10. ¿Es normal un premio de 20 dólares por barril como en el caso Boliviano? Depende del contexto. En mercados muy competitivos los diferenciales suelen ser menores. Pero cuando el premio alcanza magnitudes importantes, ya no estamos solo ante costos logísticos; estamos ante financiamiento, riesgo y condiciones de mercado particulares. Ahí es donde el análisis técnico deja de ser trivial y se vuelve estructural.
11. En definitiva, el WTI es el precio del mundo. El premio es el precio de la realidad concreta. Dentro de él caben calidad, transporte, financiamiento, riesgo y margen. Sí, puede incluir interés implícito si la operación es a plazo. No, casi nunca se lo presenta como tal. La pregunta relevante no es si existe premio, porque siempre existe, sino si su magnitud es consistente con los costos y riesgos que pretende cubrir.
12. En petróleo, como en finanzas, la ecuación nunca es solo aritmética. Es también geopolítica, crediticia y estratégica. Y detrás de cada “WTI + Premio” hay algo más que números: hay condiciones de mercado, percepción de riesgo y, por supuesto, la eterna negociación entre quien vende energía y quien la necesita con urgencia.

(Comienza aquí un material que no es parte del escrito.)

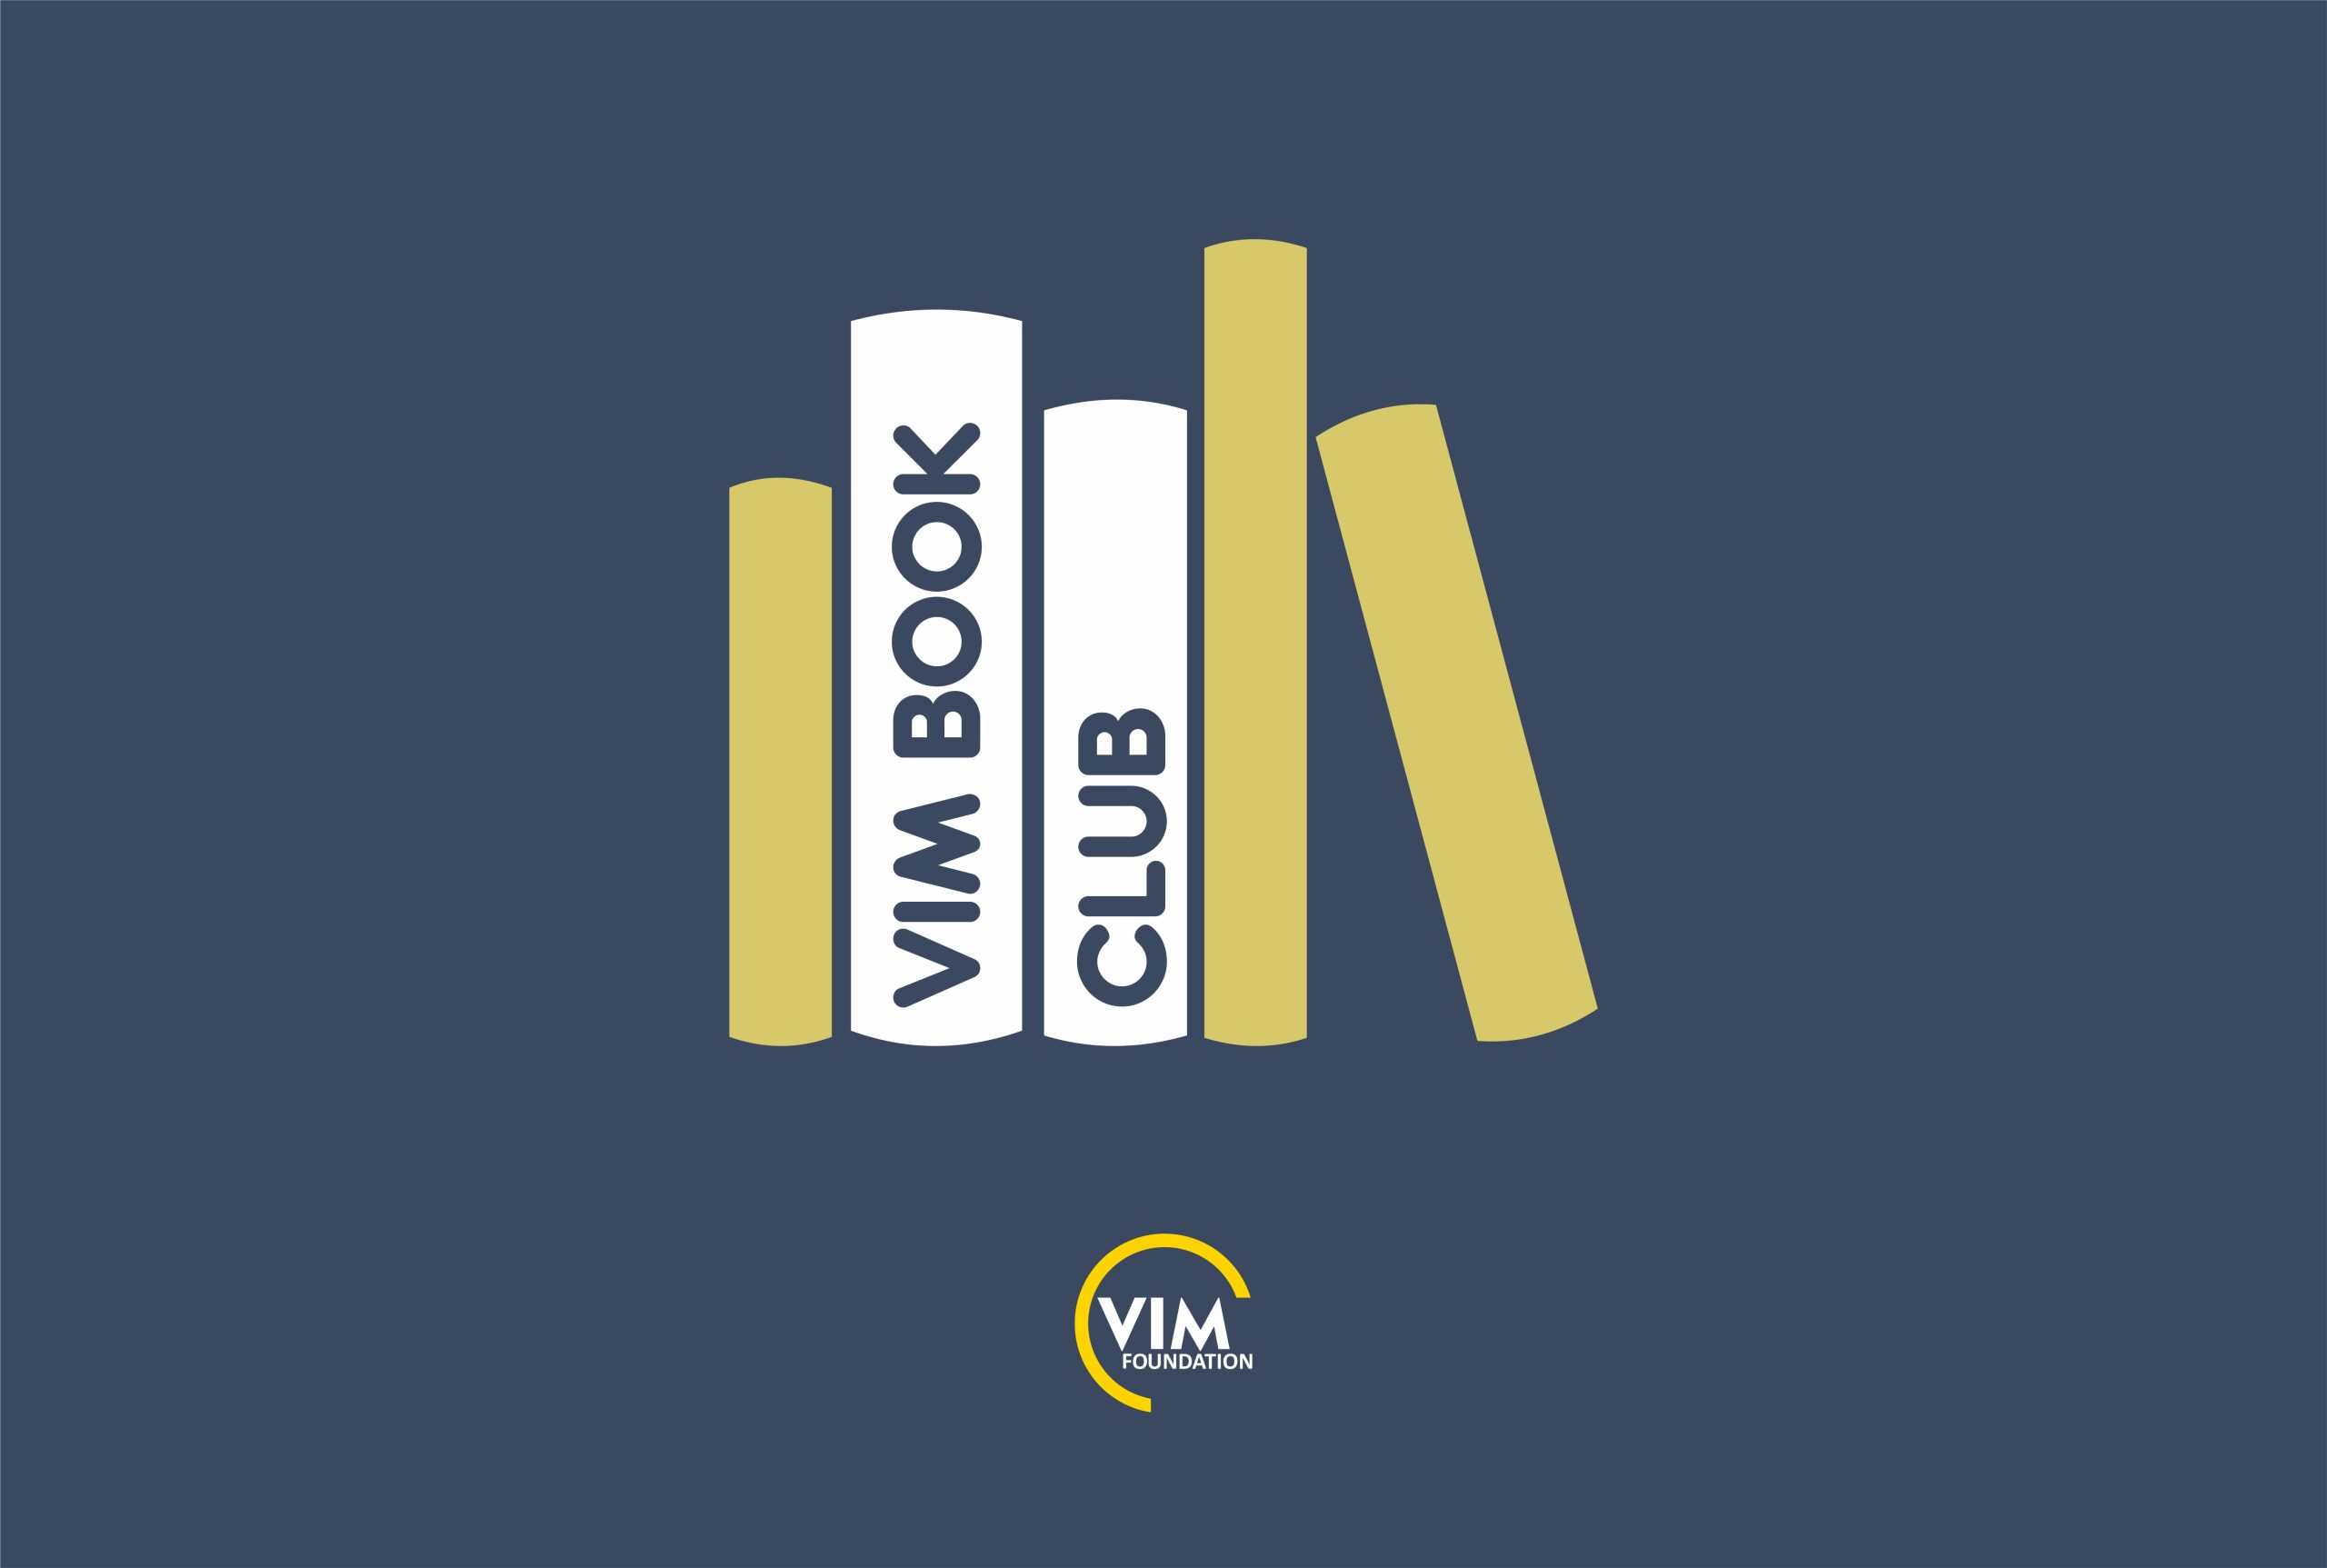 Vim Foundation announces the Vim Book Club project.

13. Finalmente, este concepto de “premio” también puede ser la puerta para comisiones indebidas y oportunidades de corrupción.
14. Si queremos que en este mundo político la narrativa no termine secuestrada por los agitadores profesionales, los opinadores de consigna, los pre-pitagóricos en matemáticas y los cruzados de la ideología permanente, el primer paso no es gritar más fuerte: es entender mejor. Porque cuando un tema técnico, como el precio del petróleo, se abandona al terreno de la indignación exprés, deja de discutirse con datos y empieza a debatirse con adjetivos. Y los adjetivos, como sabemos, no refinan gasolina.
15. La única vacuna contra la distorsión es el conocimiento bien explicado.